What concerns you most?

Being alone in another country with a different culture and no family or friends near you or able to visit you is a terrifying prospect. Being dragged from my own home and country to a place I've never been in is terrifying in itself and is against the rules of our Magna Carta, which states that British citizens have a right to be tried by a jury of their peers. My peers are in the UK and this is where I should be tried. Look up the extreme conditions in those prisons and at what the ACLU (American Civil Liberties Union) say about those prisons and tell me that you wouldn't be terrified.

What do you want to say to the judges deciding your case?

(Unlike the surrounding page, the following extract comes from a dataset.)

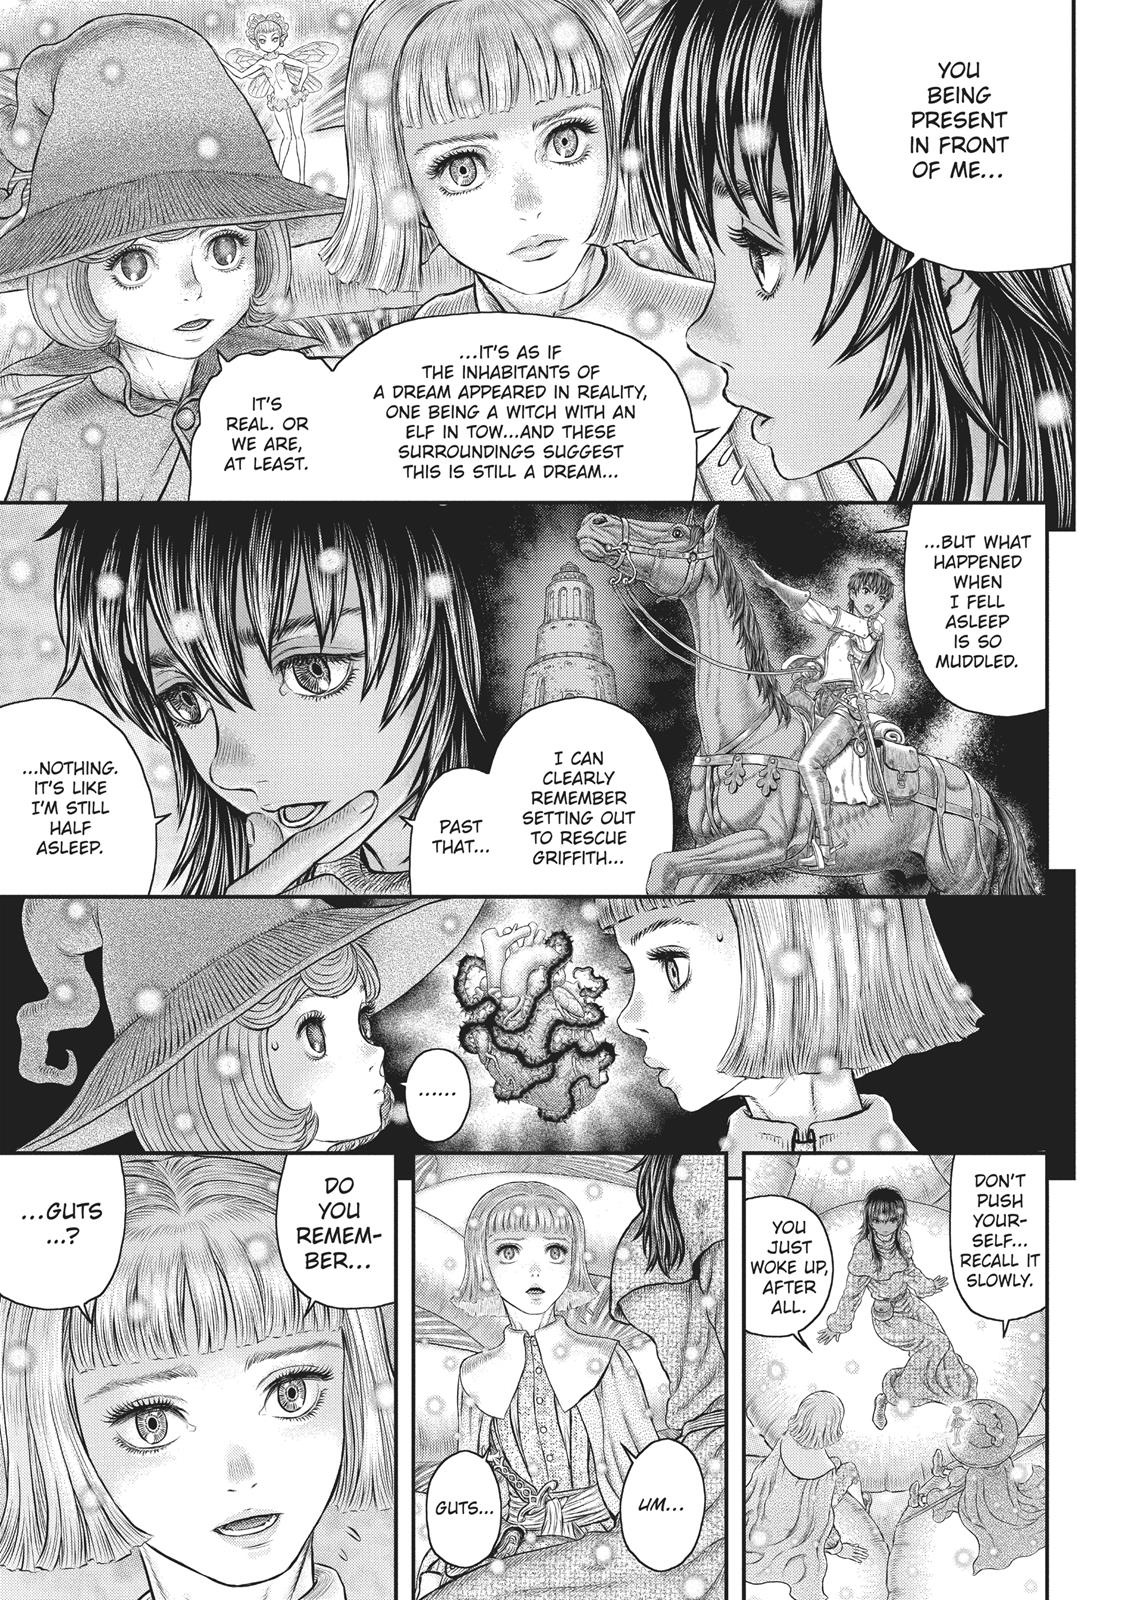 Berserk Manga Chapter 355 image 07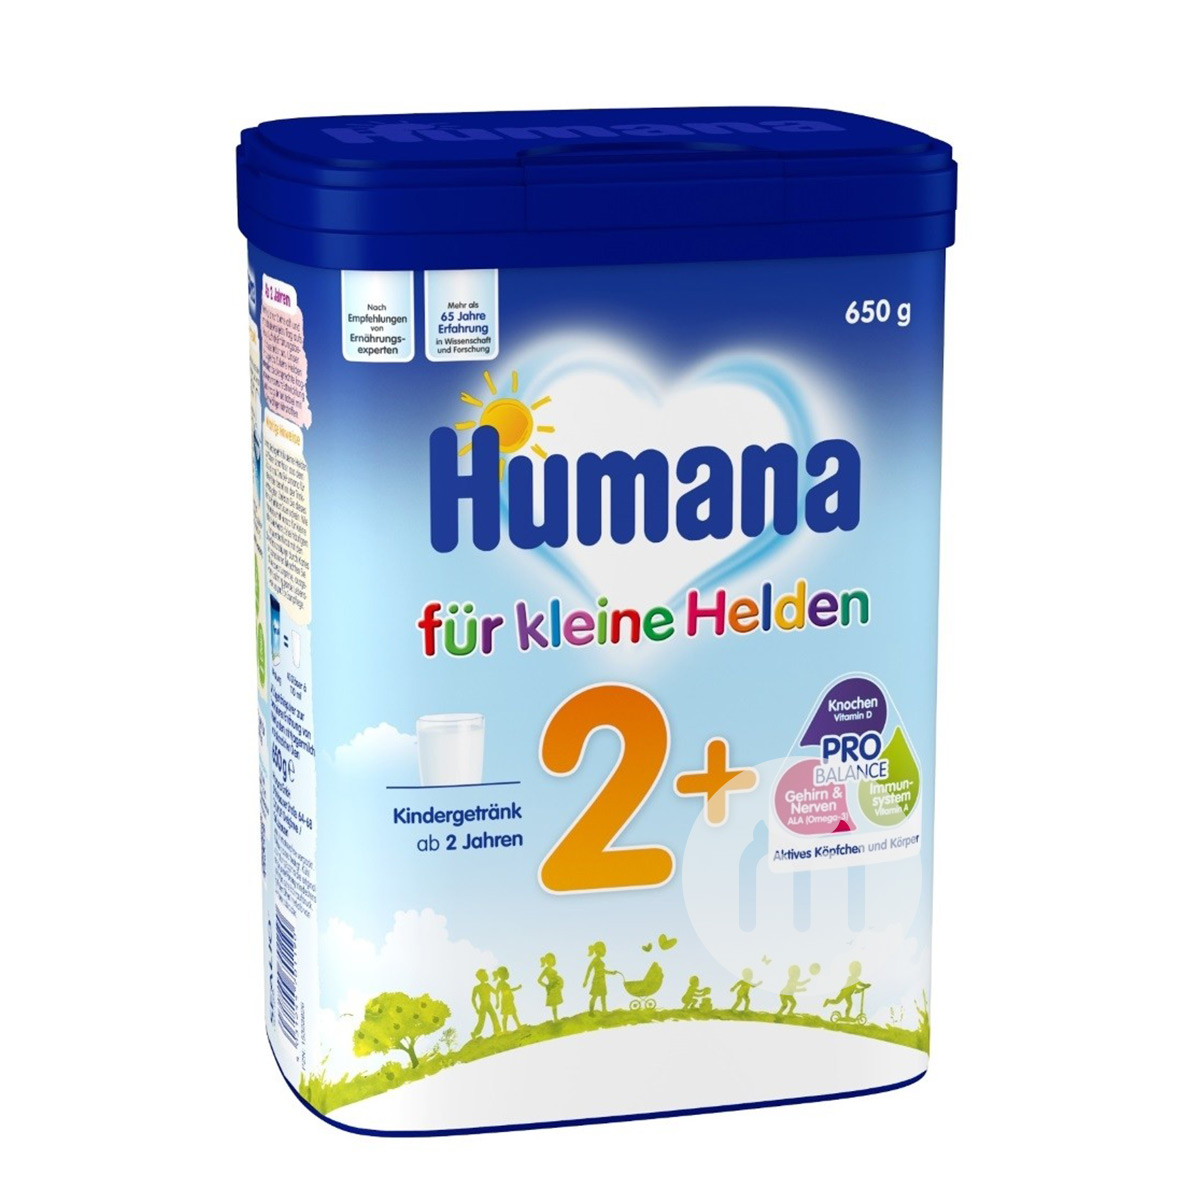 Humana susu bubuk bayi Jerman 2+ bagian 650g * 4 kotak versi luar nege...

Cyberspace doesn't exist any more than never-never land. I was no more in America than anyone who is on a long-distance telephone call. The fiction of cyberspace should be properly tested in a British court because it is no more real than Santa Claus. They cannot "return" me to a country I wasn't in, yet they continually refer in court to "returning me". If I was being returned to the place where my crime was committed, I would be returned to Crouch End. I am not a fugitive, I was physically in North London and have remained in North London.

Don't you think you should be punished for what you did?

I have been punished much more than I would have been had I committed a heinous crime. It's impossible to explain what eight years of heightened, constant stress does to you. I have lost eight years of my life and my parents have lost eight years of their lives. We live with this 24 hours a day and can barely think of anything else and it's impossible to plan anything or to feel happy when you know what might lie ahead.

So, what punishment would be appropriate?

A punishment proportionate to the crime and consistent with other accused hackers in the UK, including those accused of hacking into the Pentagon. As Robert Gates from the Pentagon said: 300 people a day still infiltrate Nasa and US military computers. There have been no other extradition requests from the US for any other hackers in the world, including a Romanian hacker who hacked into the Pentagon and was sentenced to eight months in Romania, and an Israeli hacker who hacked into the Pentagon and was not even given a sentence and no extradition request.

What were you looking for at Nasa?

Suppressed evidence of reverse engineered UFO technology, free energy that would help to stop climate change and would help to stop old age pensioners from dying of cold... and also evidence of anti-gravity.

What did you find?

A space fleet and an impressive UFO and a total lack of Nasa and military internet security, which I found truly shocking which is why I alerted them via cyber notes.

How do you feel about the internet now?

I was arrested in March 2002 and was allowed to remain on the internet until June 2005, which shows that my presence on the internet was not considered any risk whatsoever. Only after the US requested my extradition several years later once the UK was using the one-sided extradition treaty where no evidence was required to extradite any UK citizen was I told not to use the internet.